With her downward-turned smile, librarian hair, and muted earth tones, Sandy Dennis’s Frances is as sharp and as emotionless as a clock and it is next to impossible to imagine that Dennis was but 32 years old when the film was made. Only when she eats some pot-laced cookies gifted to her as a gag by The Boy do we see her melt into a soft-focused thing of beauty, lifted into the ether by the tremendously gorgeous camerawork of Vilmos Zsigmond. Like Sissy Spacek’s Pinky in Altman’s 1977 masterpiece 3 Women, Sandy Dennis’s Frances literally transforms into another character in front of the audience’s face and it a thing of true wonder. As the scene slowly relaxes forward, we begin to vibe with her and pick up on the fully sexual being that she clearly would love to be if situations and forces unknown wouldn’t have stifled her. And like many an Altman woman that would pop up in his filmography, we get that her life has been robbed somewhere of a natural joy. Little wonder that when disappointment strikes, Frances snaps back into her discomforting comfort zone. And boy, does she snap back hard.

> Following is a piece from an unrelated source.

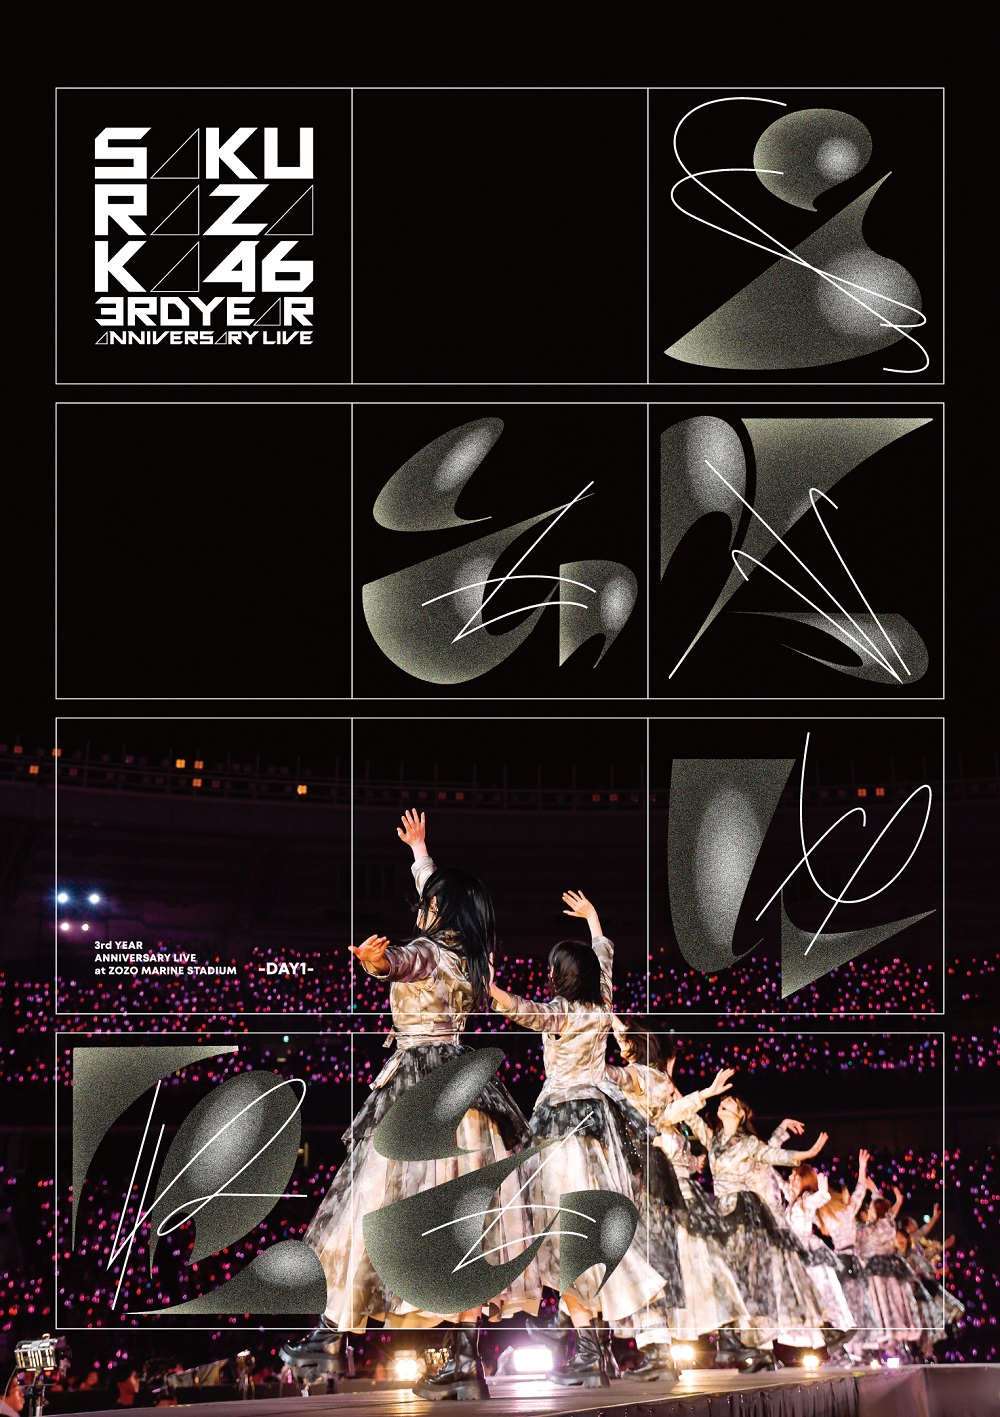 『3rd YEAR ANNIVERSARY LIVE at ZOZO MARINE STADIUM -DAY1-』初回仕様限定 通常盤DVDジャケット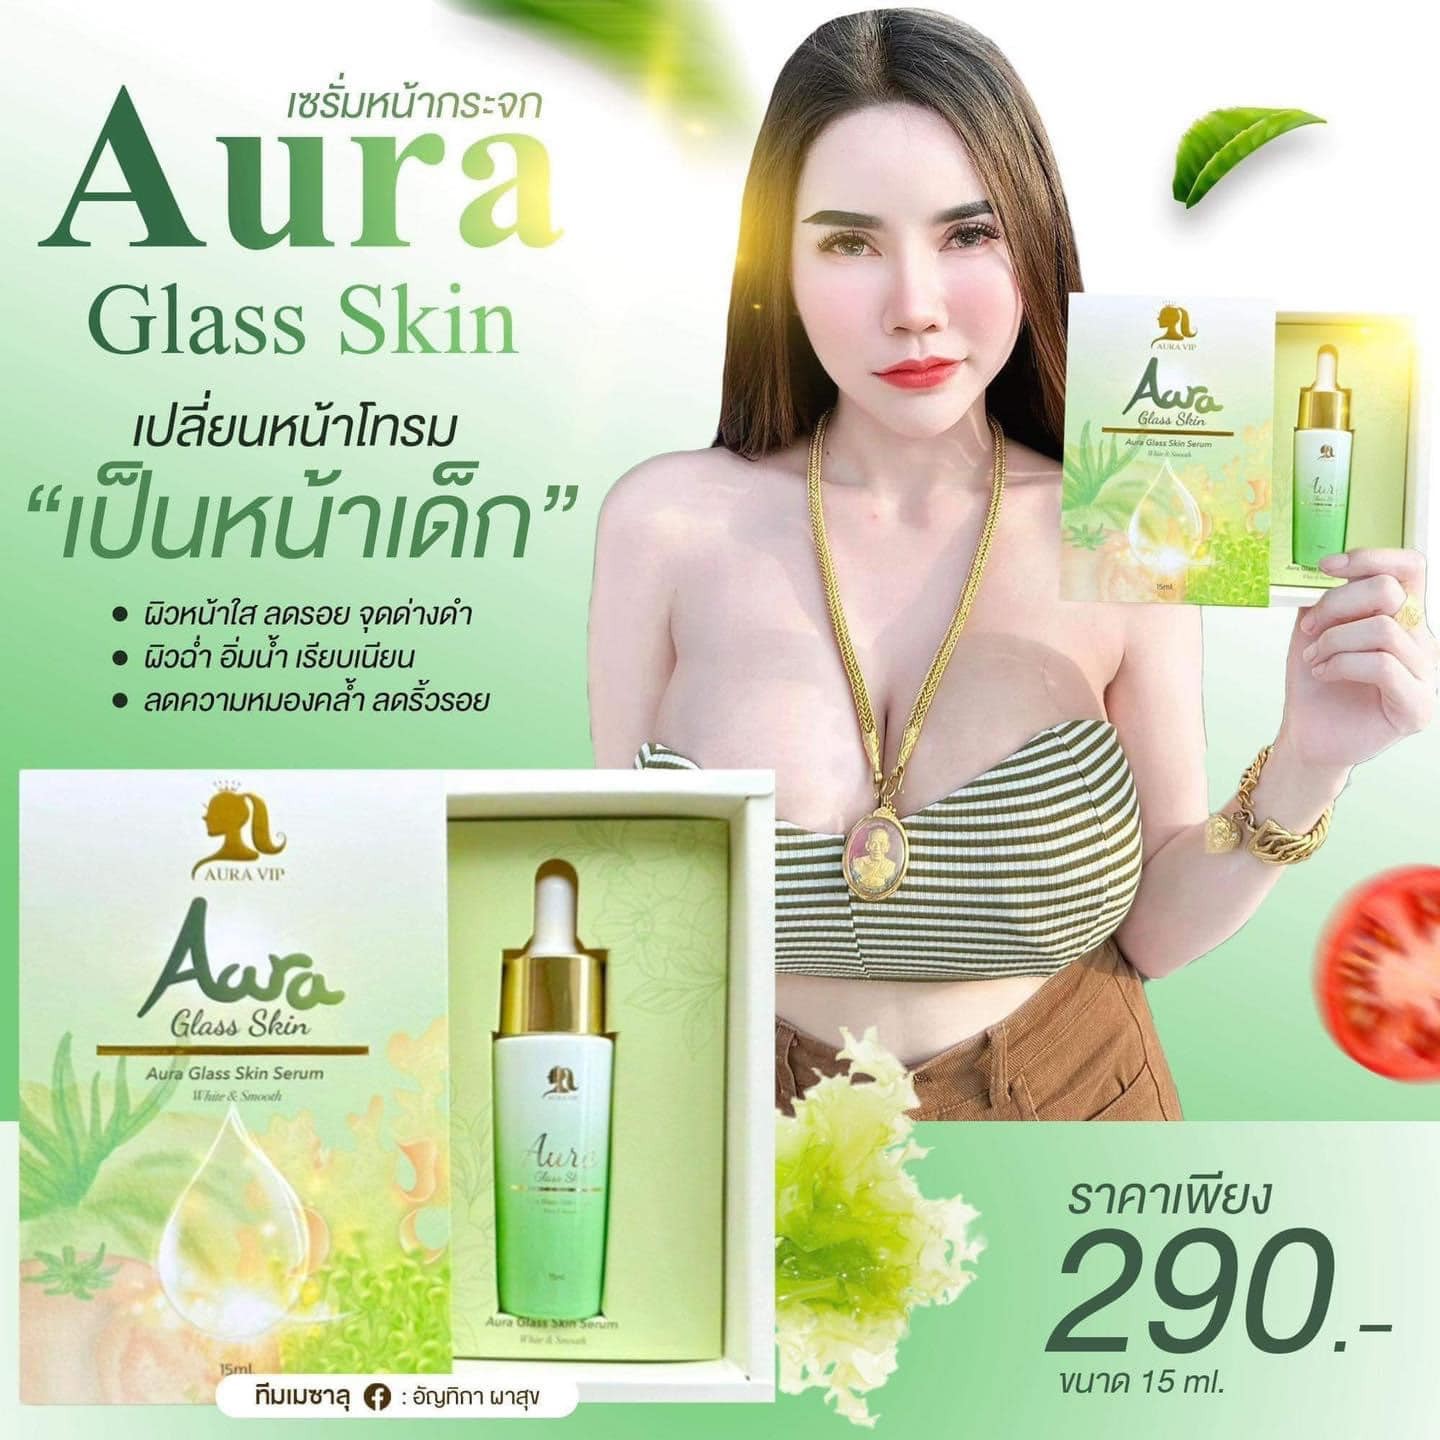 รูปภาพที่1 ของสินค้า : AURA VIP AURA GLASS SKIN SERUM ออร่า วีไอพี ออร่า กลาส สกิน เซรั่ม ขนาด 15ml.

Also dividing the film in a rather bold way is the way it splits its time between the controlled environment of Frances’s apartment and the exterior world. As in Roman Polanski’s Apartment Trilogy, Frances’s apartment becomes a controlling space just as Susannah York’s two homes do in Altman’s Images, a film which would come three years later. In both films, the women are mostly trapped in cloistered environments are either inescapable or out of which it’s impossible to exist as the characters are constantly met with chaos and confusion and an inability to navigate through reality. And as That Cold Day in the Park marches toward its conclusion and moves more and more away from the confines of Frances’s apartment, Altman really cuts loose with his observations utilizing his signature style of messy sound design meant to give the audience the sensation of being a casual observer. For all the ink spilled about the following year’s M*A*S*H being the birth of the specific thing we’d eventually define as “Altmanesque,” I’d ask that the clock be turned back a bit and present this as an alternative Exhibit A. Here, it’s used not only as an engaging participatory device for the audience but also as an overwhelming sensory overload to Frances as a character as moments in the very chatty waiting room of a gynecologist and a pitiful attempt in a bar by Frances to procure a prostitute attest. In both scenes, she is entirely out of her element and rudderless and her anxiety is palpable.

Aided by Gillian Freeman’s beautifully delicate screenplay (based on a novel by Peter Miles), Altman’s third time at bat is an astonishing and effective film that gets lost in the conversation regarding his greatest works. While it lacks the jolts of Images and it can’t conjure the deliriously impenetrable and mysterious gossamer of 3 Women, That Cold Day in the Park reflects an artist interested in the marginalized and the outcast; people who aren’t given much serious study but who are indeed out there, doing their damndest, and putting their whole heart into it, regardless of consequence.